Tracy B. answered • 04/08/20
Math Tutor at local community college
First we deal with absolute convergence, so we drop the (-1)^n, and every term of n^2/sqrt(n^5 + n + 1) is non-negative
Consider (n^5 + n + 1) < (n^5 + n^5 + n^5) = 3n^5
Then, sqrt(n^5 + n + 1) < sqrt(3n^5)
Then, 1/sqrt(n^5 +n + 1) > 1/sqrt(3n^5)
And, n^2/sqrt(n^5 + n + 1) > n^2/sqrt(3n^5) = n^2/(sqrt(3)*n^2.5) = 1/(sqrt(3)*n^(0.5))

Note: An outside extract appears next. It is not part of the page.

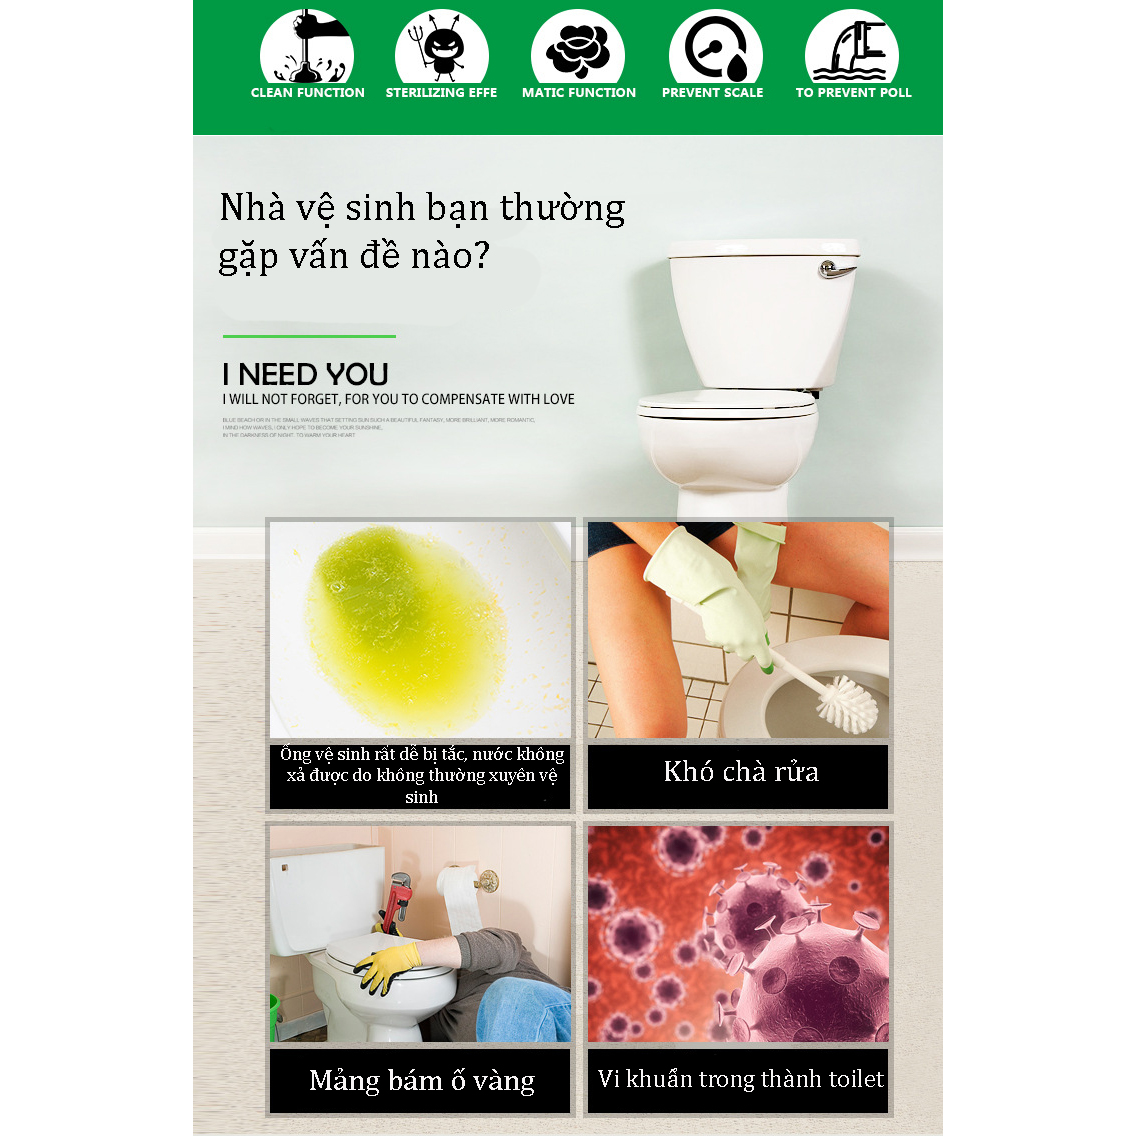 Ếch xanh khử khuẩn toilet 5 in 1, làm sạch nhà vệ sinh, chất tẩy Frog Guard tẩy rửa, khử trùng và khử mùi hôi

Now, sum of {n=1 to inf} of 1/(sqrt(3)*n^(0.5)) diverges by the p-series, since p = 0.5 < 1.
Further, every term of n^2/sqrt(n^5 + n + 1) is greater than the corresponding term of 1/(sqrt(3)*n^(0.5))
Therefore, sum of {n=1 to inf} of n^2/sqrt(n^5 + n + 1) is absolutely divergent by comparison test (that is, the given sum is not absolutely convergent).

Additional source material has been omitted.